I didn't mean to assert that Strong AI is a correct theory.  Merely
that if it is possible to build smart machines, then it will be
impossible to prove that you can't.   I didn't mean anything like a
formal theory at all.  I'm sorry I used the tem "theory", but got
caught up in the language of this thread.

>>I've never gotten a straight answer to this one. Usually I get the
>>"someday defense." You know, "someday we'll be able to do this" or
>>"someday we'll understand that."  Anybody looking at the statements
>> by Feigenbaum, Simon, etc. over the last 30, 20 and 10 years knows
>> how optimistic their predictions have been.
>
>-Of course you can't get a straight answer to "prove that you can be
>->build a human-like machine". Because you want to see the thing and
>-understand how it works -- and that is too complicated to be
>-"straight"!  Yes Simon once predicted that there would be a world
>-champion chess program in 10 years.  And that was refutable -- and in
>-fact was refuted.  But you're confusing the baby with the bath.  Only
>-a fool like Dreyfus and, I suppose, you, would predict -- as Dreyfus
>-did around the same time -- that no computer would ever play even very
>-good chess.  Today, those programs are at Intenrational Grandmaster
>-level, and, still growing.
>
>This is the same old refrain. Hard things take a long time. It's so
>complicated, blah, blah, blah. Some day, some day someday. I'll be
>alchemists and perpetual motion machine inventors made the same
>argument.
>
>I'm a fool because I don't accept it on faith. Anybody who expects
>concrete results is a fool. At least tell us fools what the criteria
>are for deciding that it's so hard that it can't be done. Strong AI is
>id-driven. The id, as you may know, is the part of the psyche that
>can't distinguish between wishes and reality. Wishing for strong AI
>and having it a very different things.


Sorry about the language.  But I'm not suggesting taking anything on
faith, only objecting to various arguments purporting to prove
limitations (not clearly specified, usually) about what machines can
possibly do.
>
>Chess doesn't prove anything that computer arithmatic doesn't prove.
>Namely, that because computers are formal systems they are good at
>formal tasks. Besides, they don't play chess like people. To be
>support for *Strong AI*, they'd have to.

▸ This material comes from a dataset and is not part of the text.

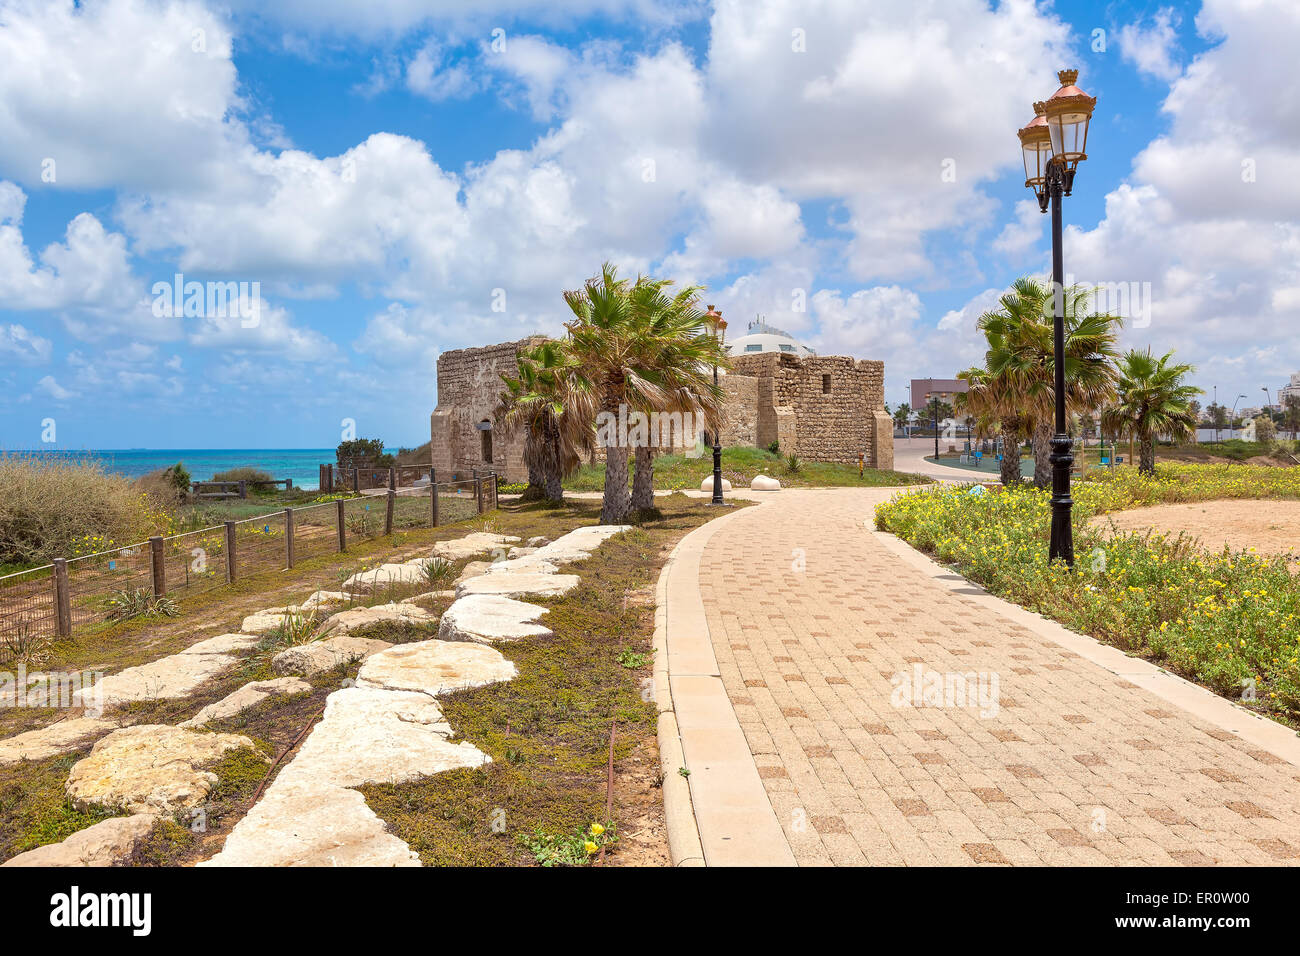 Pedestrian walkway, lampposts and ancient on promenade along Mediterranean sea coastline in Ashqelon, Israel. - Stock Image
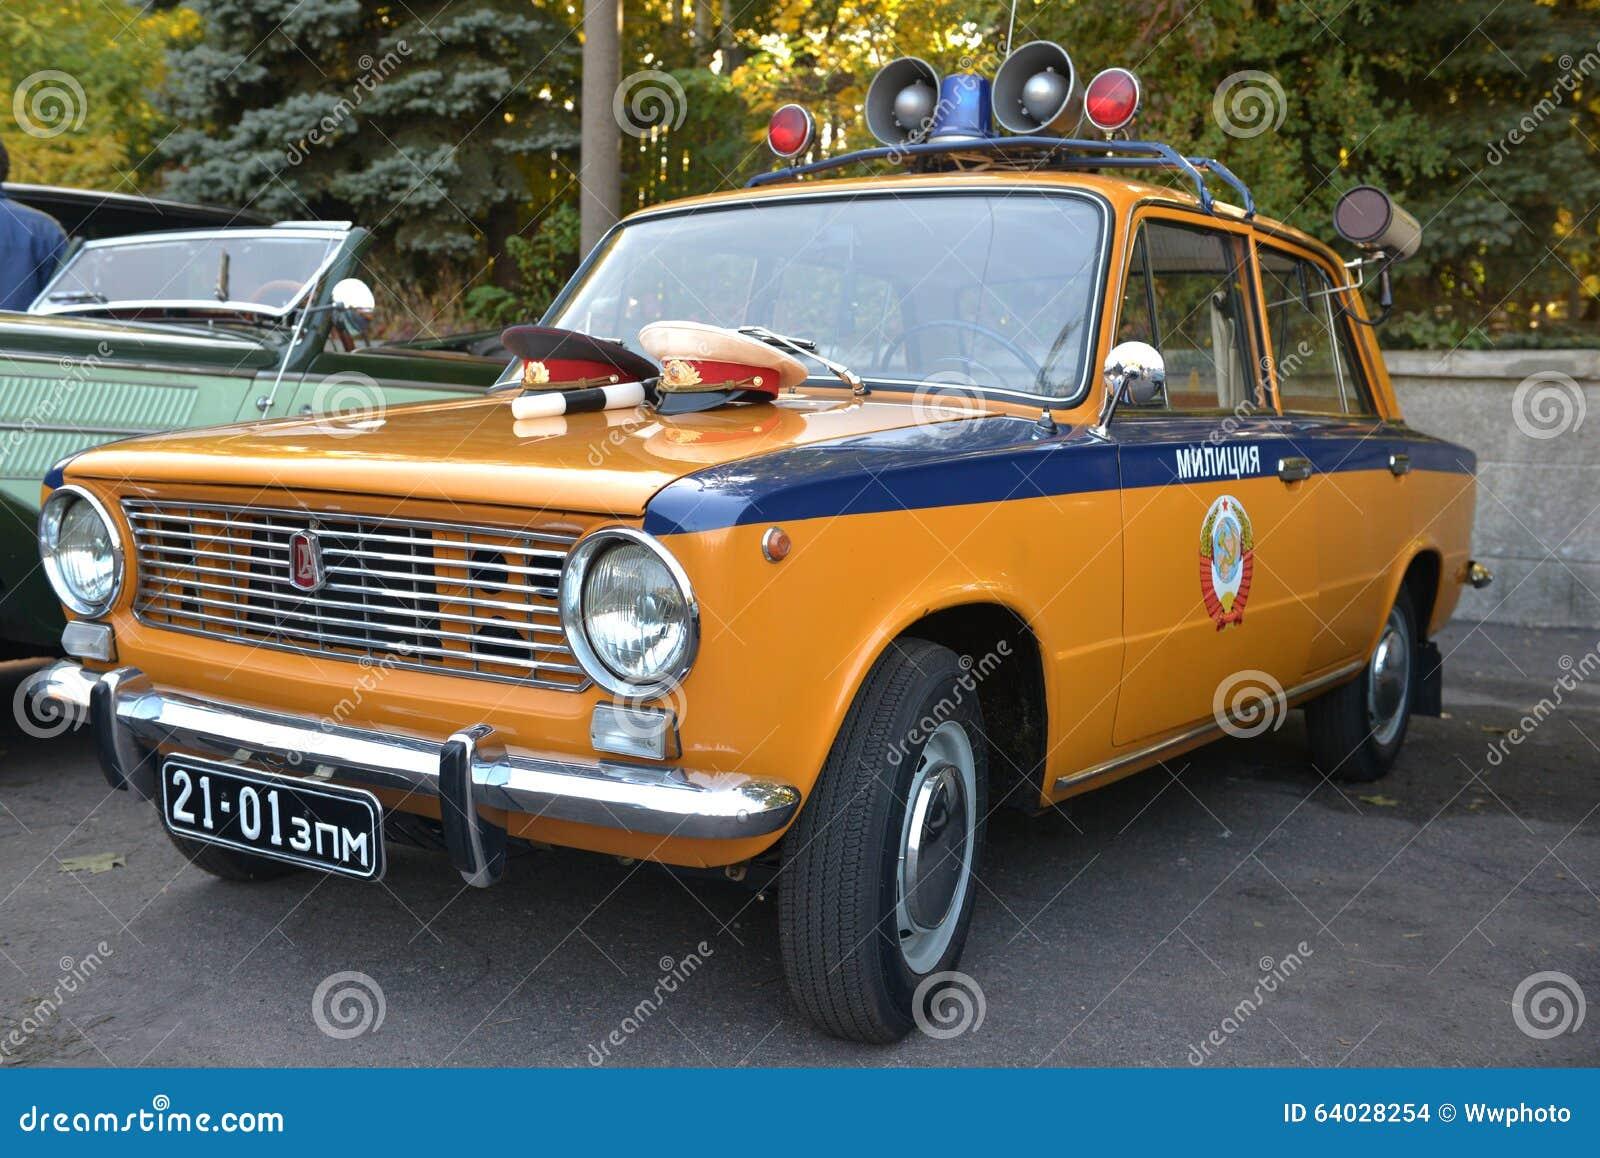 Soviet Union Police Car Editorial Stock Image Image Of

This seems to argue that human thought is not computable because
computers are formal systems.  No, computers are *good* at formal
systems, but that doesn't mean that people can't be described that
way, or that computers can't simulate other systems. 
>
>> Belief in Strong-AI is like belief in God. The advocates simply can't
>> understand how anybody could believe any differently or that there are
>> no alternatives. Just ask a theist to say what evidence he would
>> accept as evidence that god doesn't exist. You just get a blank stare,
>> because to him, empirical evidence is not an issue.> 
>
>-Your first two sentences are about two different things.  If gOD
>-appeared, and did enough tricks, you'd accept hIM right off.  But you
>-can't refute a thing like that because you can't show that it's
>-impossible.  You've got a peculiar dose, I wonder from where, of your
>-own peculiar religion, namely, that funny idea about refutability.
>-The theist is right, in a sense, to argue that Negative empirical
>-evidence isn't the issue, when we're speaking about a question of
>-possibility in principle.
>
>Minsky, because he has no proof, attempts to say that proof is not
>necessary. Image that - a science where empirical evidence plays no
>role. Well, Marv, at least answer me this: when does a "possibility in
>principle" become an impossiblity in practice?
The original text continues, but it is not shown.